Monday 29 November 2010

Masaya: Spiders & Torture

I've not been travelling long but already I´m worried about how long it's been since I've been in a hammock. I hear there is a huge market in Masaya, and I'm off on a mission to find the means to relaxation and to haggle my arse off.

Masaya is about 45 minutes from the capital Managua and its another 30 to the regions biggest tourist city, Granada. As a result it's often missed by those on the trail, but like many places, its for the reasons you don't expect that you enjoy a place. Masaya was to be a perfect example. 

I went to the market, which yes was huge, and yes was full of some nice stuff (as well as a load of tat as usual) but the market appeals more to the "I've-just-retired tourist market" as it's so close to the route most regular holiday makers make from the airport to Granada.  Everything is expensive and being such a successful market, few stall owners actually work there, they just employ locals, making negotiations a non-starter as the money ultimately comes out of their pay. Being less of the afore mentioned type of tourist and more of the thrifty variety, I've also got my social standing to think of. If fellow financially minded travellers heard I'd paid $20 for a hammock, I'd be well... laughed at... which is terrible.
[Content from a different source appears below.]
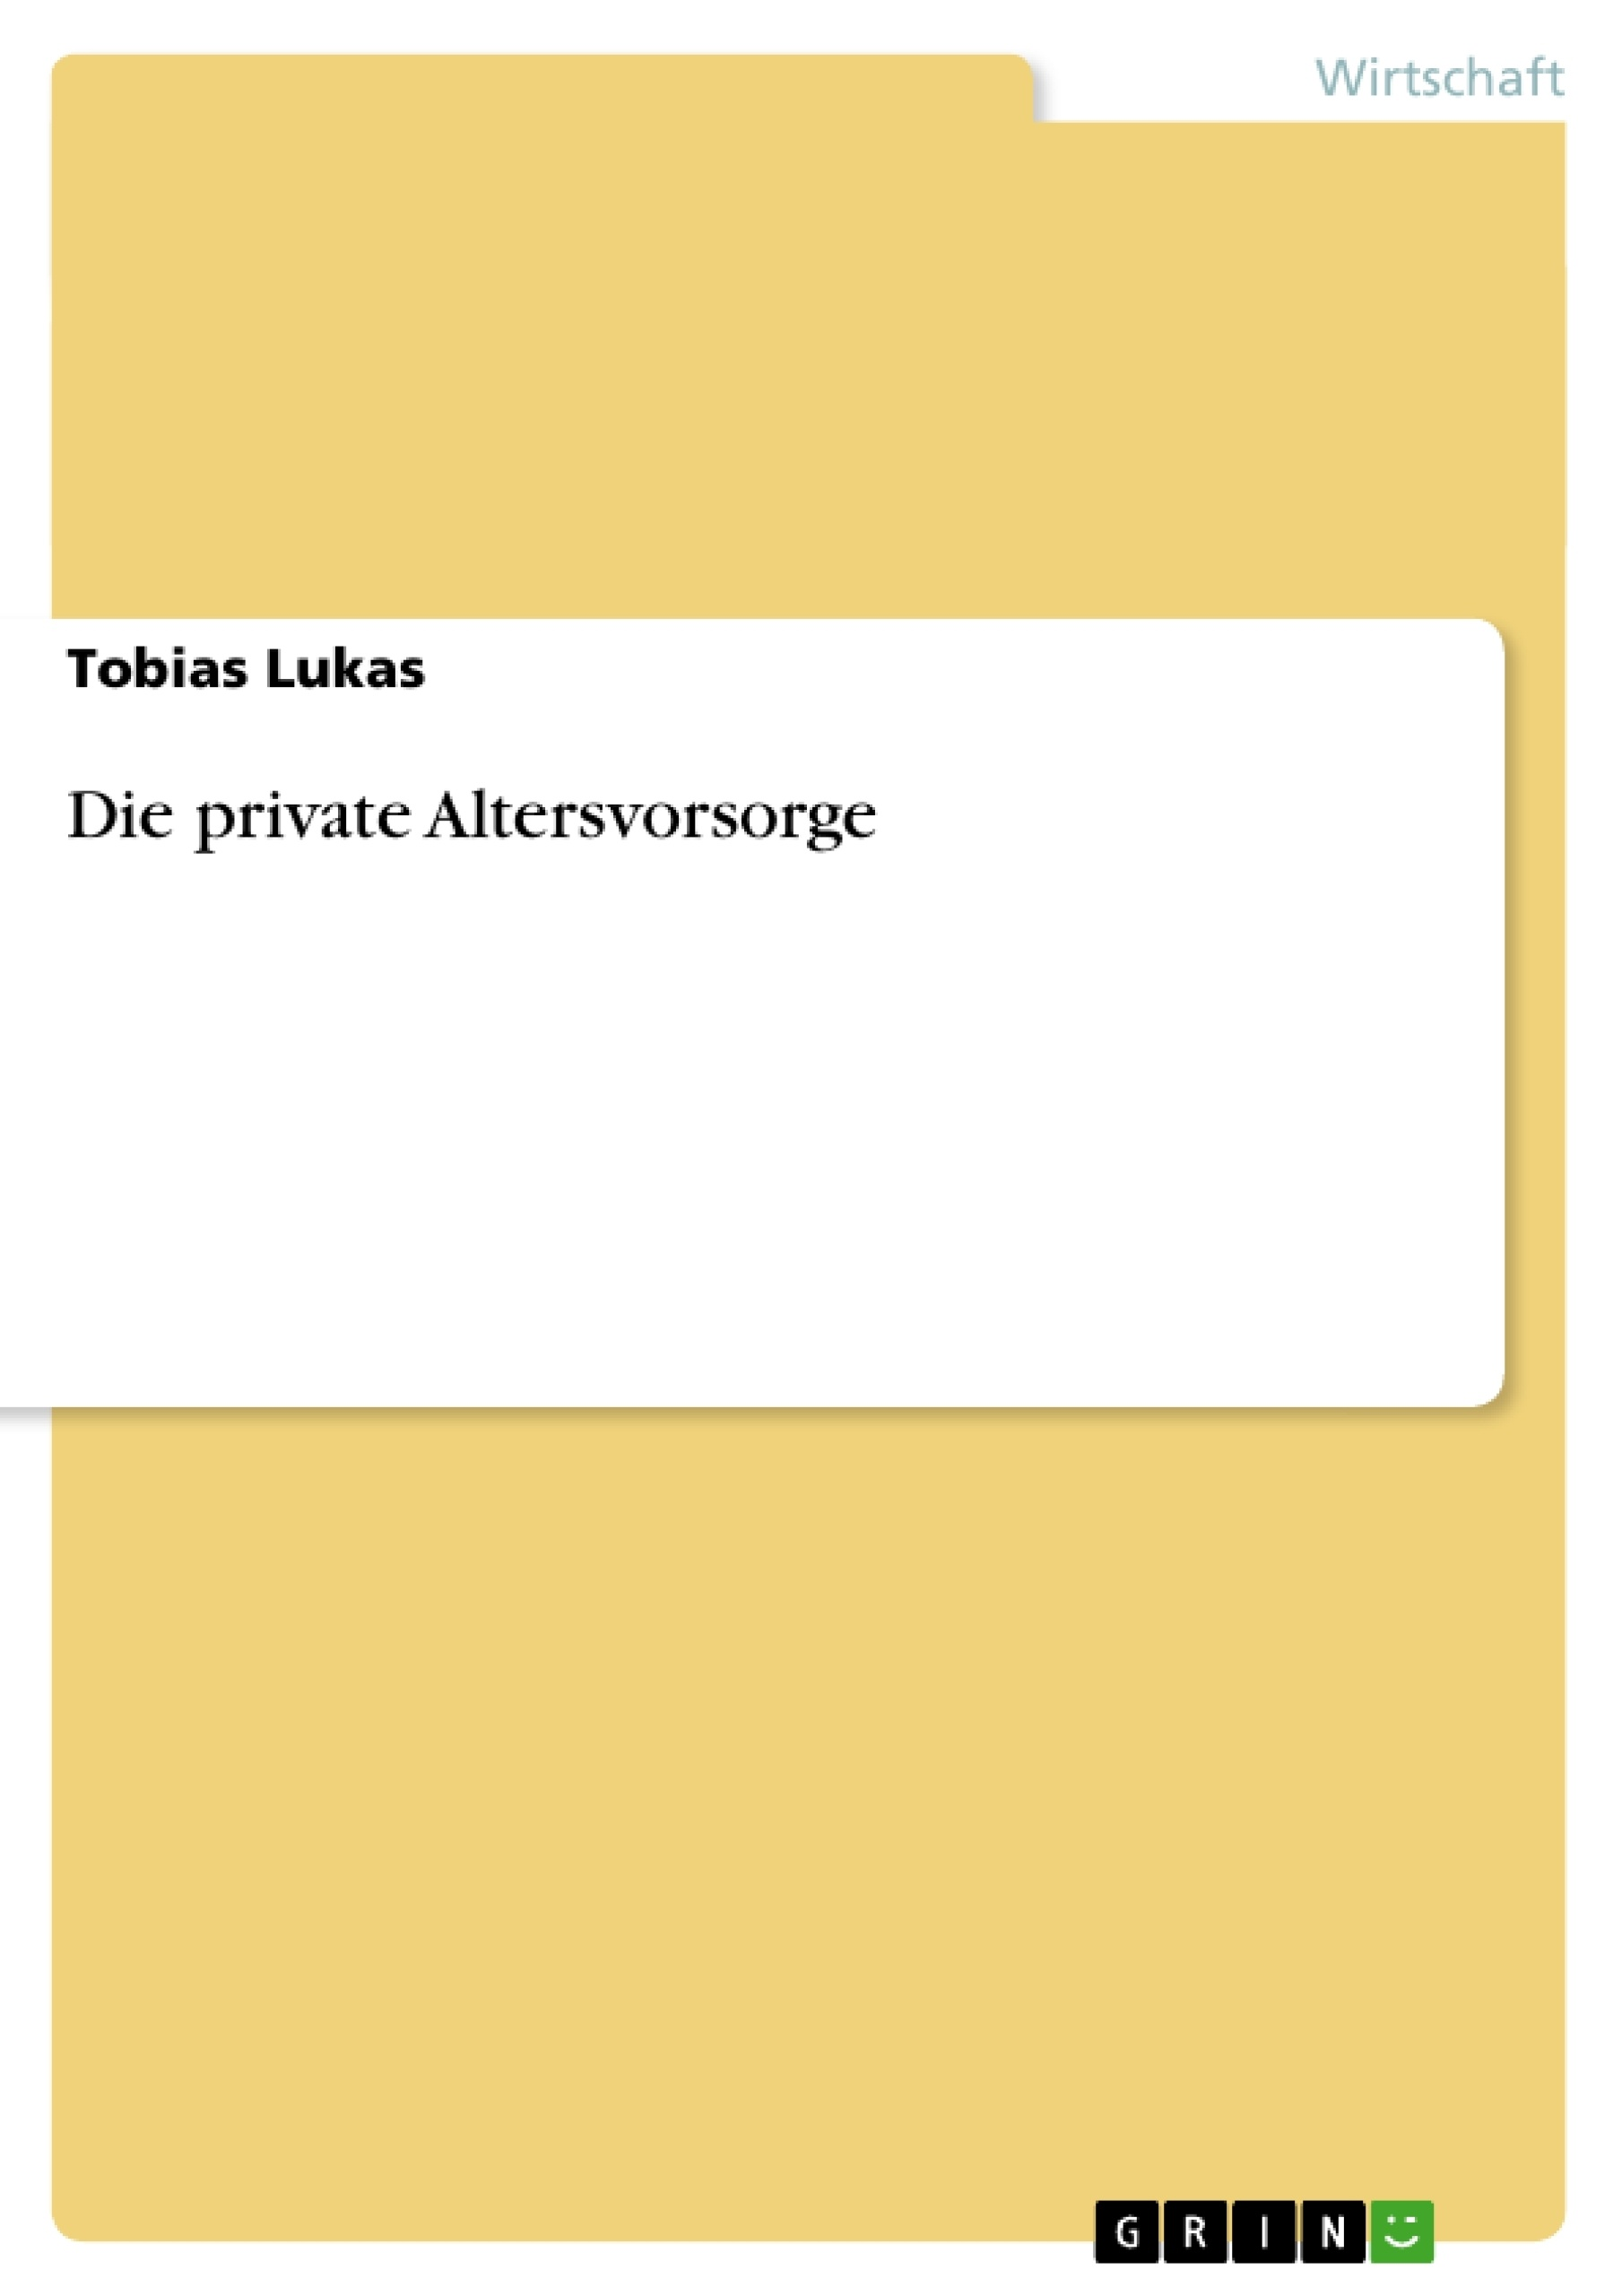 Titel: Die private Altersvorsorge

Despite being hammockless, the next morning I made my way to the Fort Coyotepe on the edge of town, which turns into the best reason for a short visit to Masaya. Coyotepe, meaning hill of the Coyotes is a fort built over a 100 years ago and with a prison built beneath it, it's famous as the place the Samoza (conservative government for the majority of the century) regime used to accomodate political prisoners.

The views from the top are spectacular but its the tour from one of the local Scouts that reveals the history of the place. Descending one level into pitch blackness, we walk around the former prison cells and squalid conditions enemies of the state had to endure. Many people per cell, little light and a very basic toilet, the conditions are not great, but the thing that freaks me out completely is the thing with 8 legs, is about 4-5 inches across and is sitting on the wall opposite one cell. The two front legs look more like scorpion claws and my very nice guide Rene tells me it's a Scorpion Spider. I get a photo, incredibly thankful I have a great zoom feature on my camera, but the thing looks more like its from the film Alien than anything from this planet. Hands now folded and daring not to touch a thing, I'm told we're now going down a level further, where its even darker. I don't like spiders.

My fear is temporarily allayed as we go outside but my fear quickly returns to rabbit-in-the-headlights look when Rene tells me that when they clear out the levels in the morning, they sometimes clear out Coral Snakes and Boas. The Rabbit in the headlights wishes he'd bought more clean underwear.

The level below thankfully devoid of further creepy crawlies is however home to the torture cells, ranging from those with chains, to those that are pitch black, where the Sandinistas would be left there, some times for months to persuade them to share their secrets. If you were given a choice of which cell to stay in on this level, nothing seems like an easy option as you're either chained to the wall, in complete darkness, defecated on by the guards from above or all three. No one knows how many people died here under the Somoza regime and just walking around the echoes really give this an eerie feeling. The history of the place as if not already bleak enough is epitomised by one piece of graffiti from 1970 written on a wall on the lowest level, it simply says ME QUIERO MORIR, (I want to die).

As morbid as this is, Nicaragua is a country that has been torn apart for various reasons in the last 100 years, and most of the adults in Nicaragua have felt the effects of the civil wars and violence. Its a country defined upon where it has been trying to get to, for so many of the recent generations; a place of peace and prosperity especially for the poor. This makes it so important for the younger generations to preserve what happened, and in the case of Coyotepe, the local Scouts have taken over the place, cleared out most of the animals and are trying to create a museum so when future generations go to the polls they remember what the price of democracy is.

This post was supposed to be about Granada as well, but Granada was crap, so I couldn't be bothered. It'll be more of a rant than anything profound, but I'll save it for another time!

photos, including a scary photo of a spider are in the usual place.